#### [AIM OF THE EXERCISE]
In the material below, write out each line word for word and omit the pictures.

#### [AVAILABLE DATA]
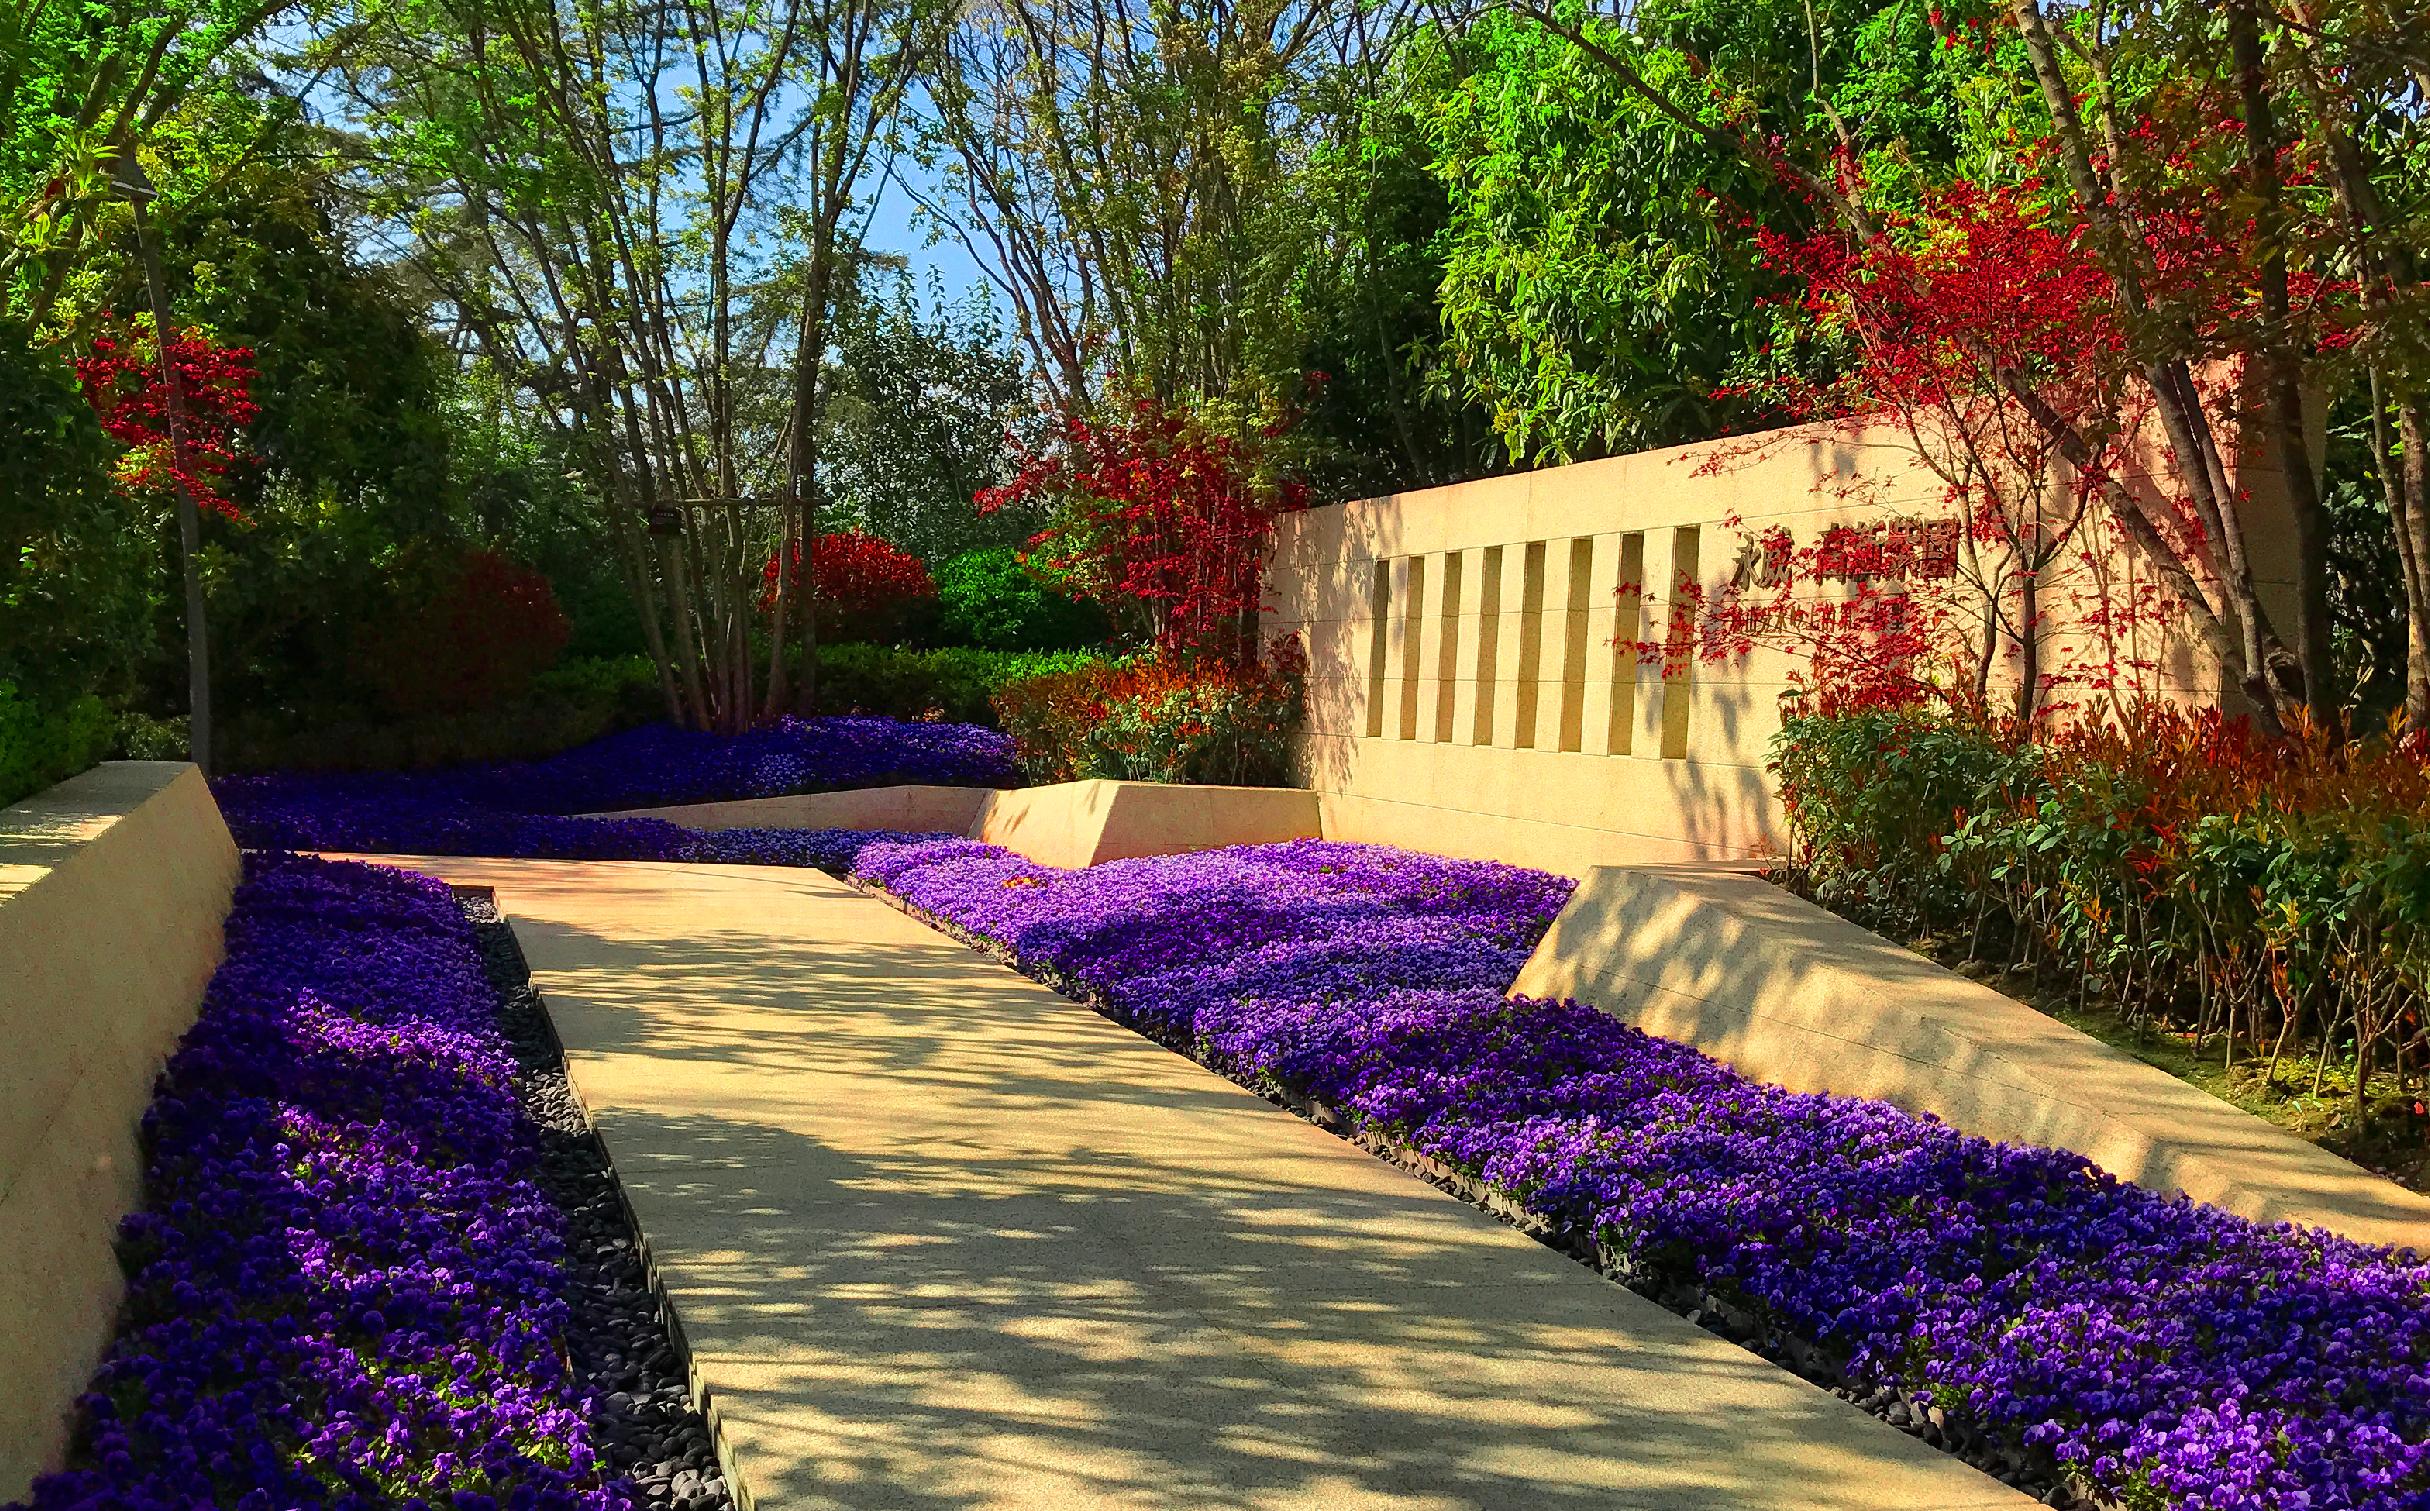 高清|一山一水一庭院别墅人家在永威 紫园艳阳中的美景赏析
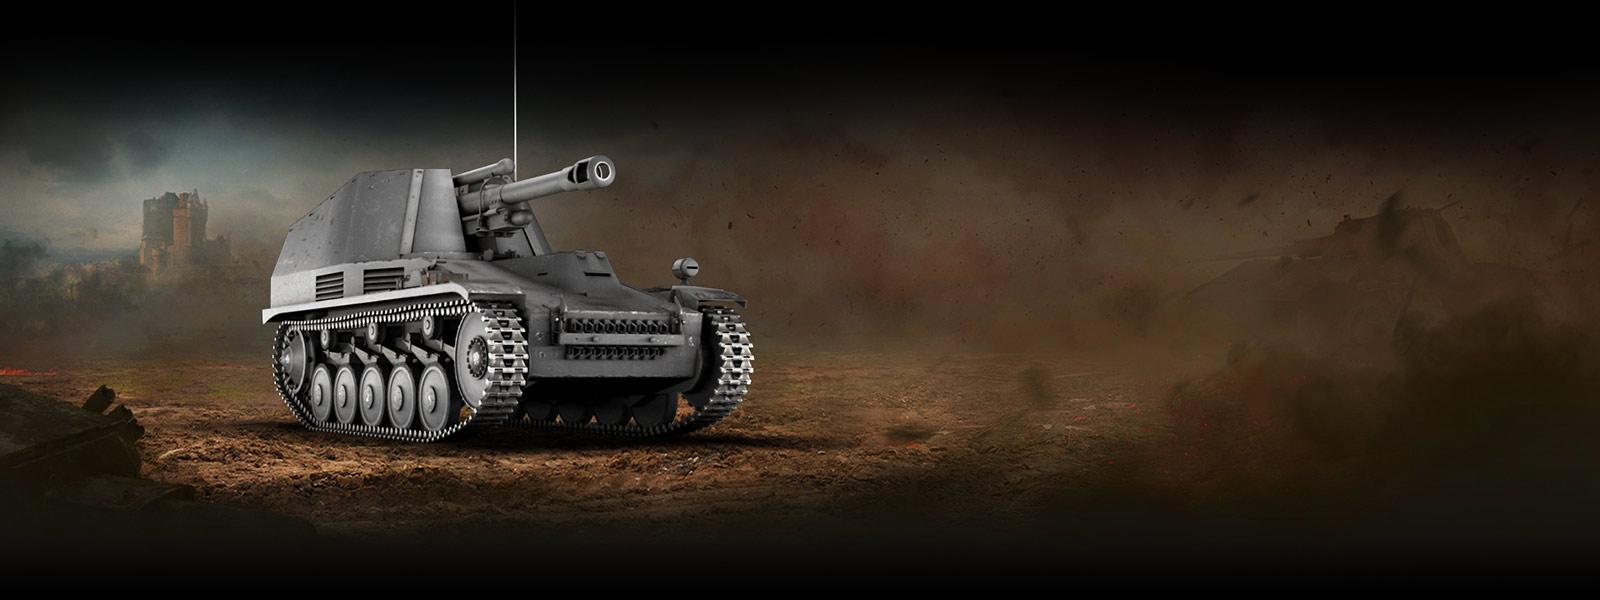 Panzer der Artillerie-Klasse
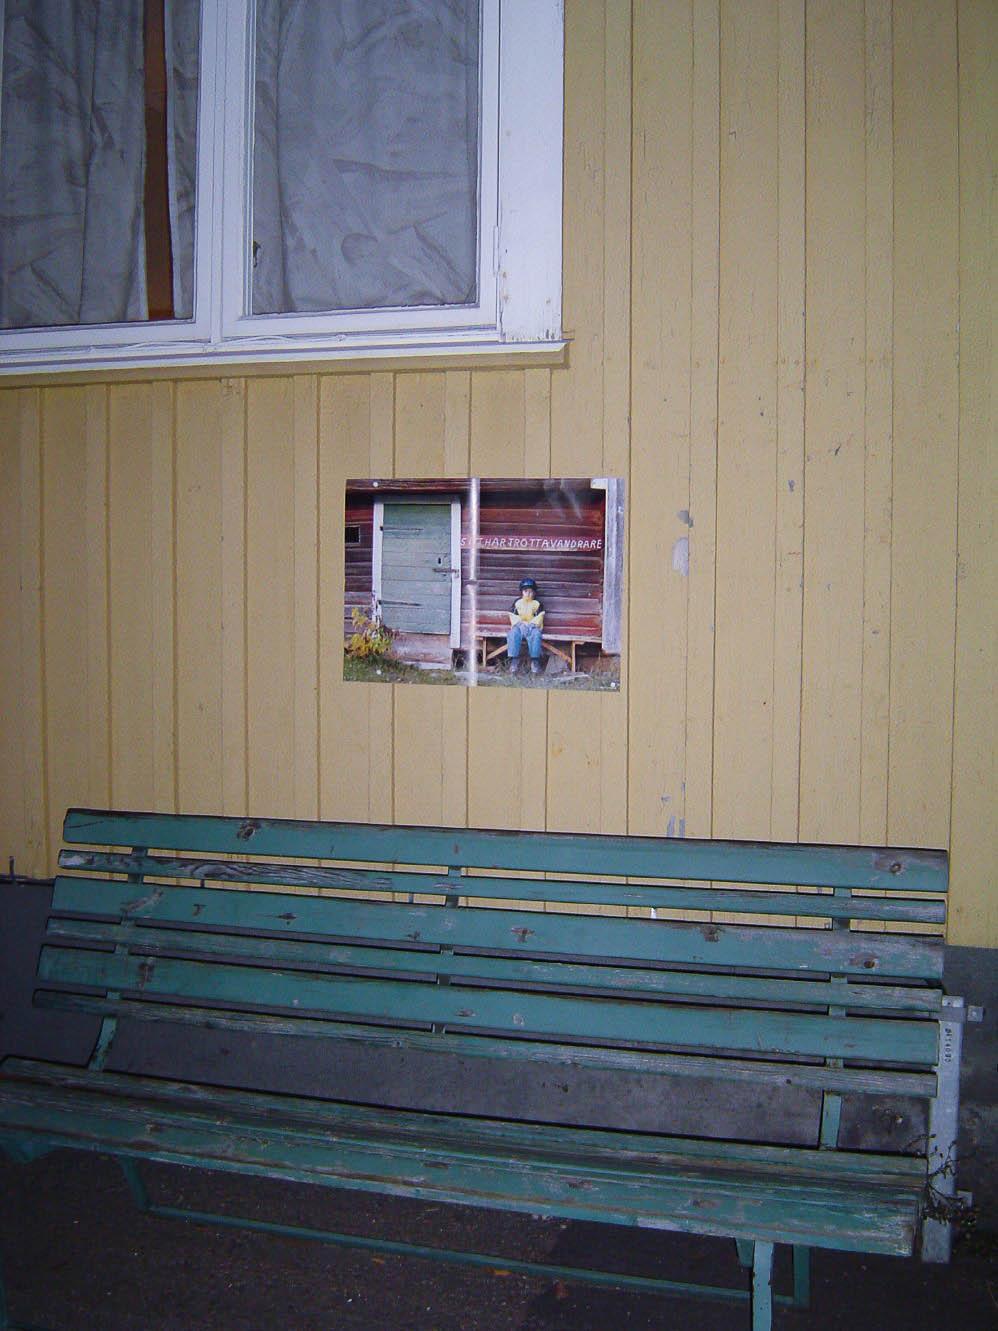 Nordic Walking, 2003, Learning by Doing, Verkligheten, Umeå (S)

#### [ANSWER TO THIS TASK]
 高清|一山一水一庭院别墅人家在永威 紫园艳阳中的美景赏析
 Panzer der Artillerie-Klasse
 Nordic Walking, 2003, Learning by Doing, Verkligheten, Umeå (S)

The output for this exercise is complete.